Faltering Point 1: Misunderstanding what constitutes a favorable outcome
Students might think there are 120 favorable outcomes instead of 60, reasoning that since there are 60 sibling pairs, they could pick the junior first (60 ways) OR the senior first (60 ways). This double-counts the same sibling pairs and shows confusion about what "selecting one from each class" means.
Faltering Point 2: Confusing conditional vs. unconditional probability
Students might try to calculate \(P(\text{senior is sibling | junior selected}) \times P(\text{junior is sibling})\), thinking they need to find the probability that a randomly selected junior has a sibling AND then that sibling gets selected. This overcomplicates the straightforward counting approach needed.
Faltering Point 1: Incorrect calculation of total possible outcomes
Students might calculate \(1,000 + 800 = 1,800\) instead of \(1,000 \times 800 = 800,000\), confusing the addition principle with the multiplication principle. This happens when they think about selecting "one student from 1,800 total" rather than "one from each class independently."
Faltering Point 2: Arithmetic errors in fraction simplification
When simplifying \(\frac{60}{800,000}\), students might make errors like incorrectly canceling zeros or making division mistakes, potentially arriving at fractions like \(\frac{1}{13,333}\) or \(\frac{6}{80,000}\) without further simplification to \(\frac{3}{40,000}\).

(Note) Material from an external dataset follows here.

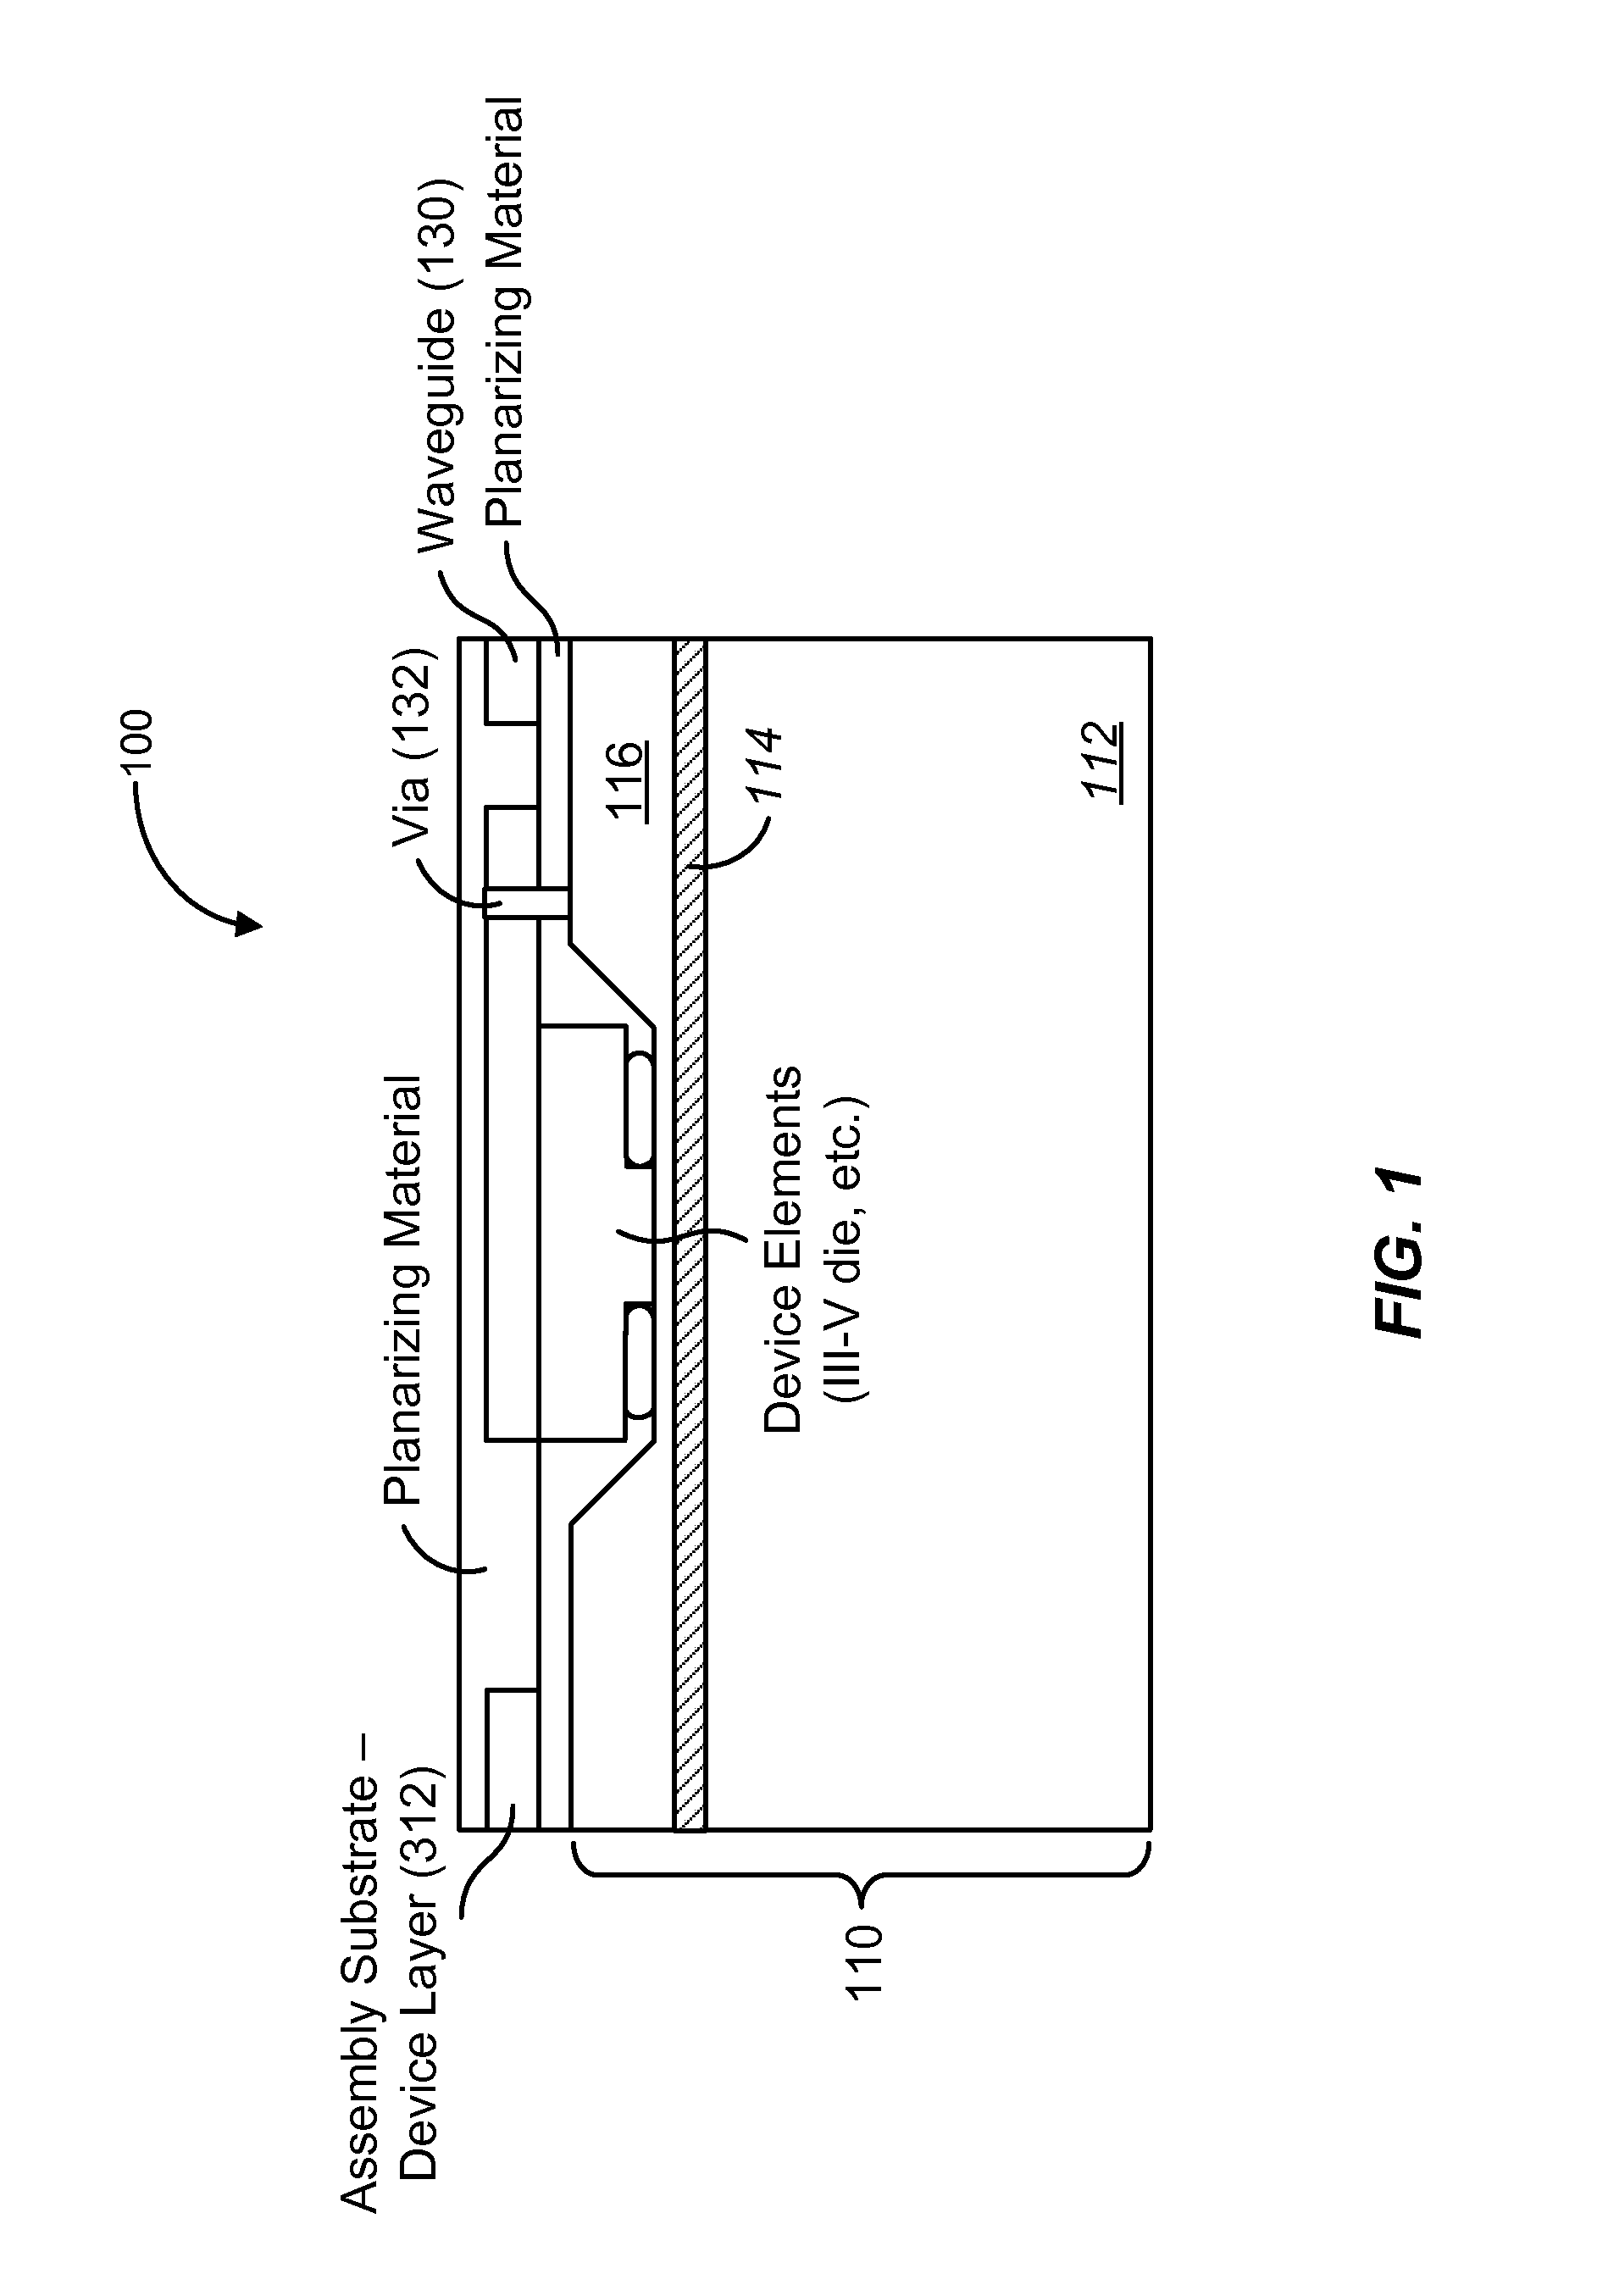 Method and system for template assisted wafer bonding

Faltering Point 1: Stopping simplification too early
Students might correctly calculate \(\frac{60}{800,000}\) and simplify it to \(\frac{6}{80,000}\) but fail to notice this can be further reduced to \(\frac{3}{40,000}\). Since \(\frac{6}{80,000}\) doesn't match any answer choice exactly, they might incorrectly select the "closest" option rather than completing the simplification.